In the following, we demonstrate how you can achieve these goals using Security Investigator .

Target audience

This page is intended for Security teams performing threat hunting or analyzing security incidents, such as the Incident Response team or Security Analysts.

Scenario

In the following, we address a scenario in which you get a notification from an external source about a suspiciously high number of unauthorized requests towards our Kubernetes control plane between 2024-02-13 16:00:00 and 2024-02-13 18:59:59. Your Kubernetes cluster has been set up to AWS EKS cluster, and logs are forwarded to Dynatrace.

As a security analyst, you want to understand if this is related to malicious activities or if it may be an indication of a cyber security incident.
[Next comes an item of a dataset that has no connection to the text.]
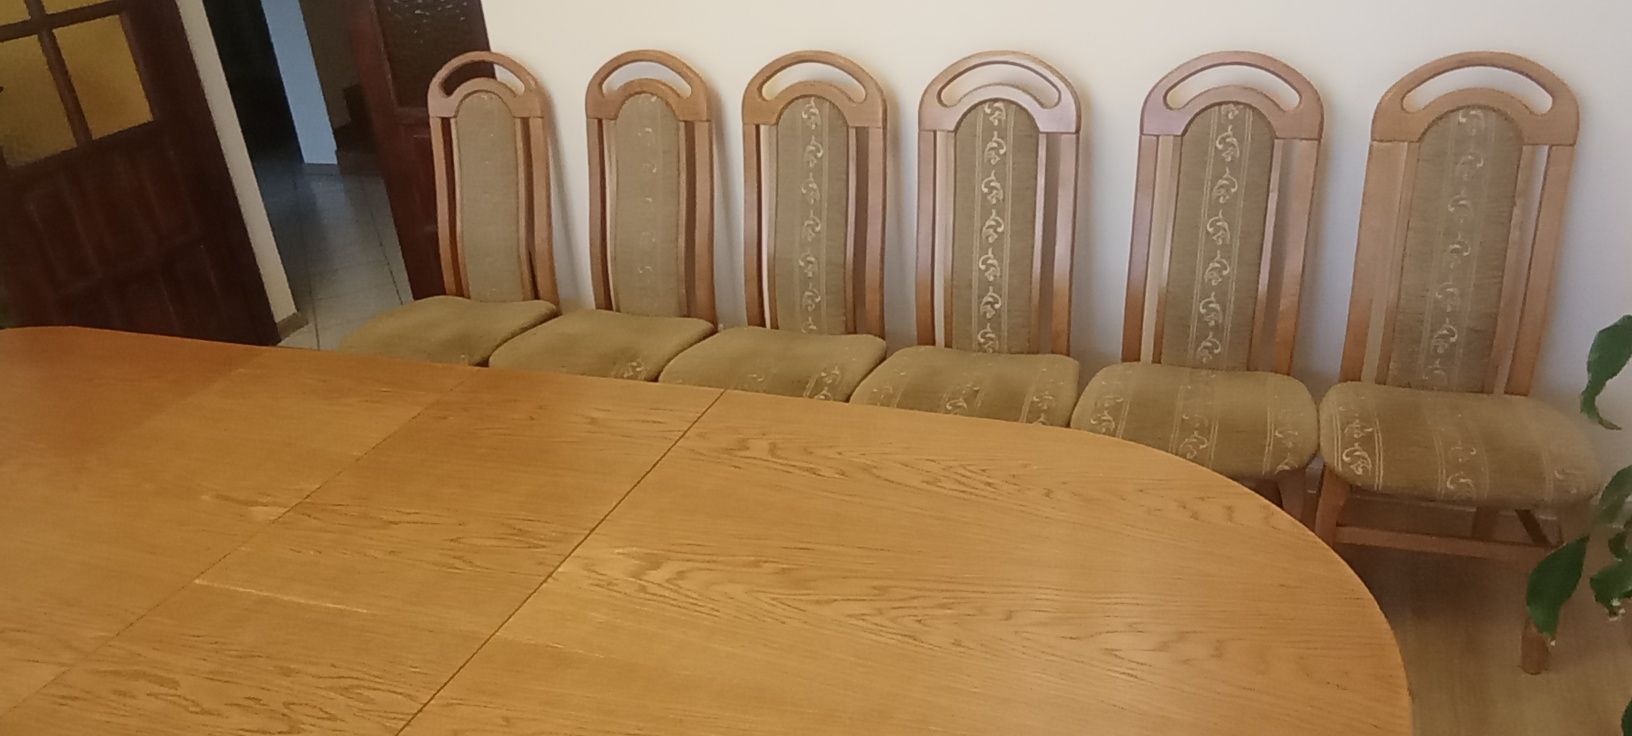 Stół dębowy z 6 krzesłami 3m/2m szer 1m
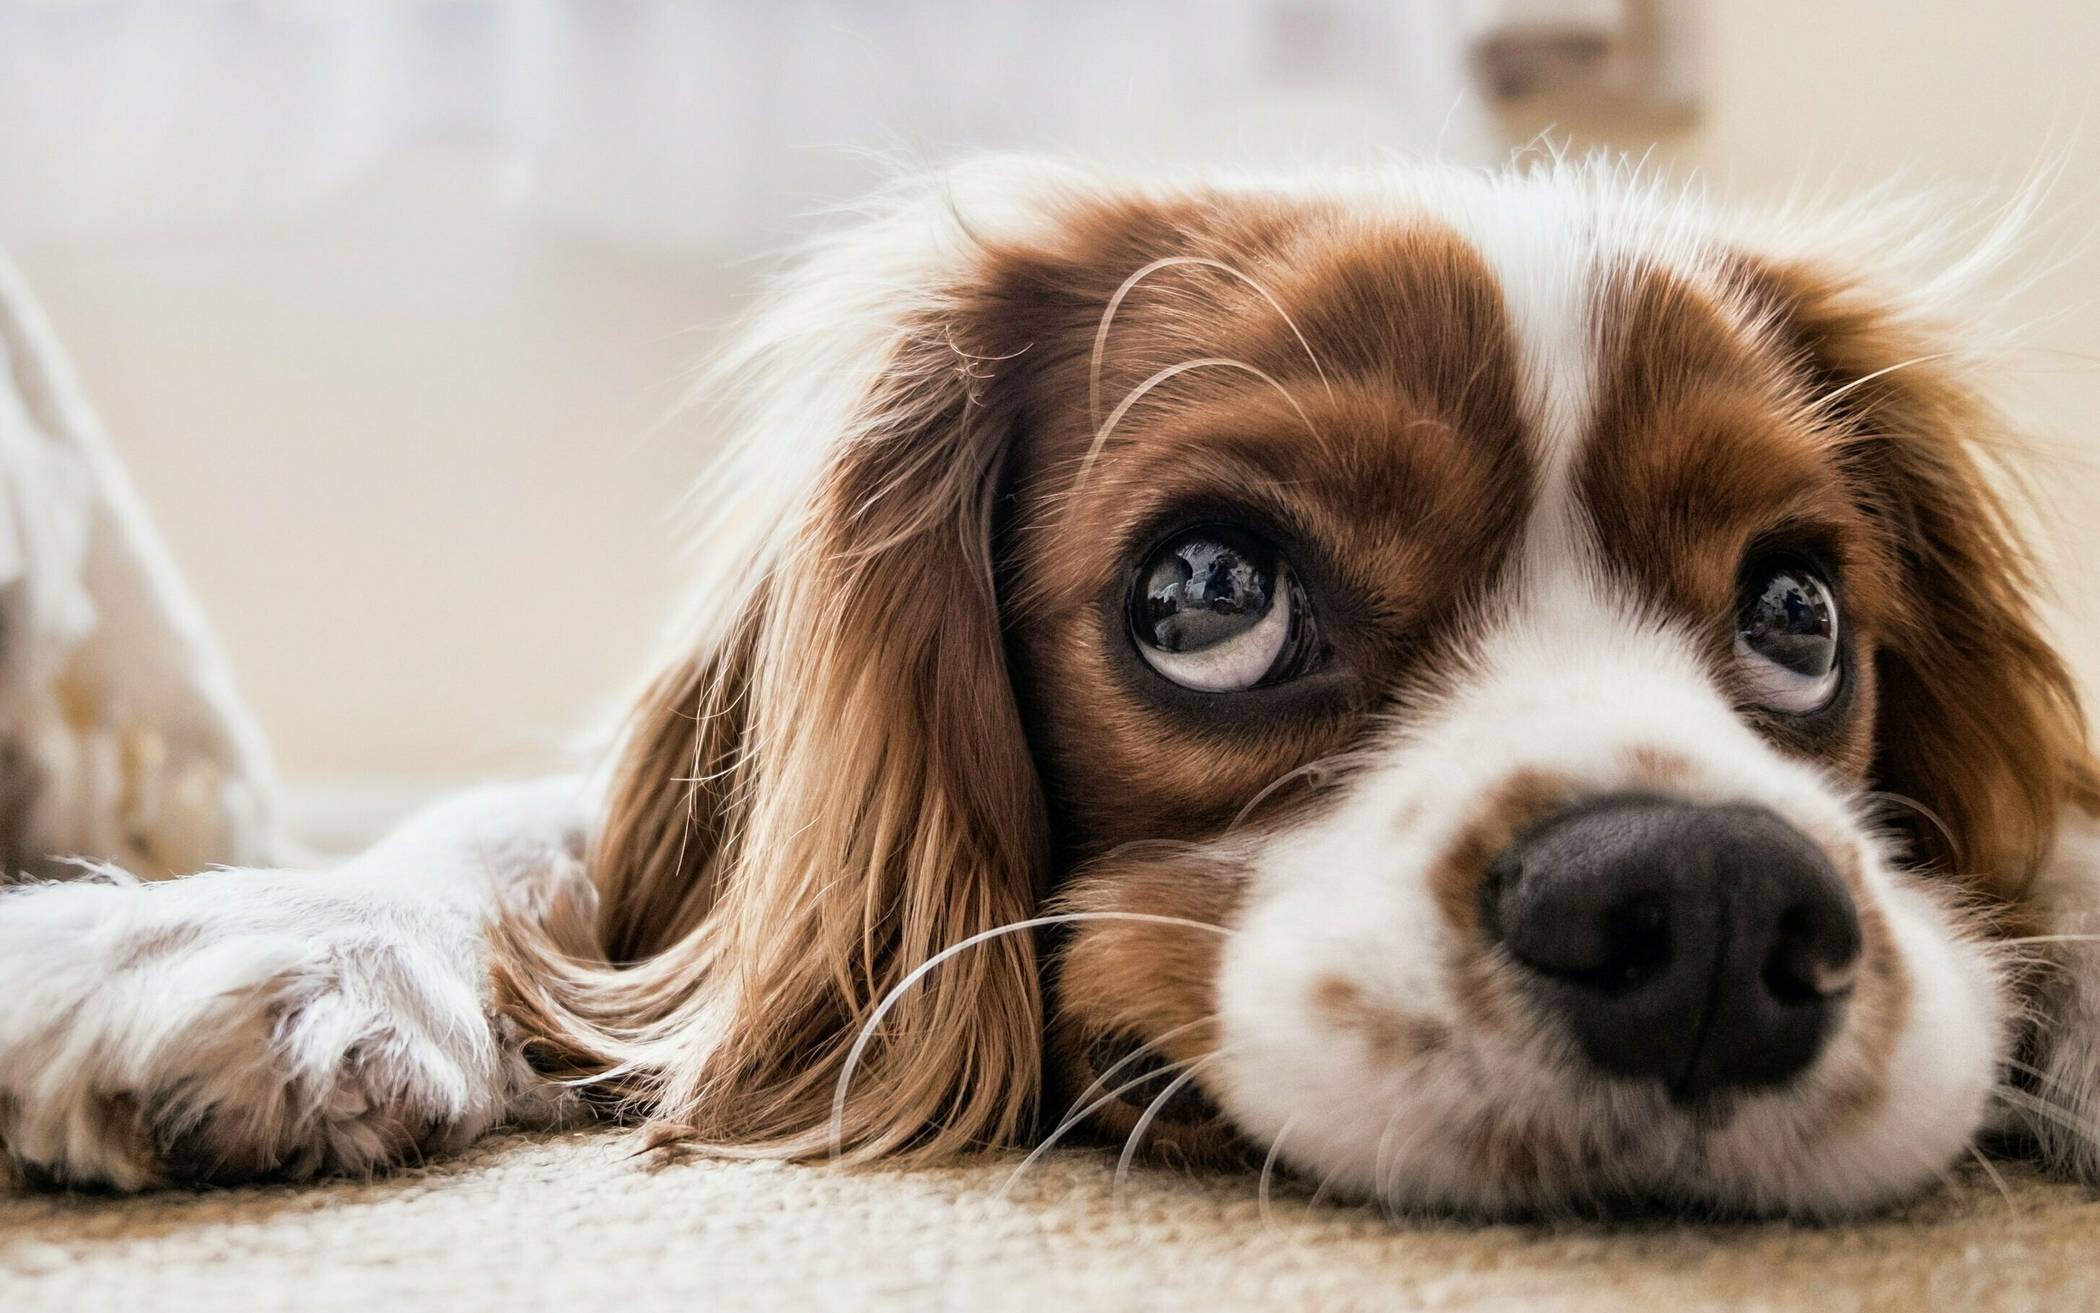 Besonders Tierversuche an Hunden stehen im Fokus des Trauermarsches  der ÄgT.

During this investigation, you will follow the trail of your findings to illustrate the nature of threat hunting and incident solving.

Prerequisites

Set up Kubernetes observability with Dynatrace Operator
Set up AWS logging to CloudWatch:
Stream logs via Amazon Data Firehose
Basic knowledge of
- Dynatrace Query Language (DQL)
- Dynatrace Pattern Language (DPL)
- How DNS name resolving works in Kubernetes clusters

Investigation path 1: Analyze Kubernetes audit logs

First, you want to understand which activities caused the notification about the high number of unauthorized requests in your Kubernetes audit logs. Open Security Investigator and create a new case.

In the timeframe section, set the timeframe from 2024-02-13 16:00:00 to 2024-02-13 18:59:59, when the unauthorized requests occurred.

set the timeframe

Kubernetes audit logs are forwarded to Dynatrace with aws.log_group and log_stream values attached. To fetch all the unique AWS CloudWatch log groups that are ingested to Dynatrace, copy-paste the following DQL query in the query input.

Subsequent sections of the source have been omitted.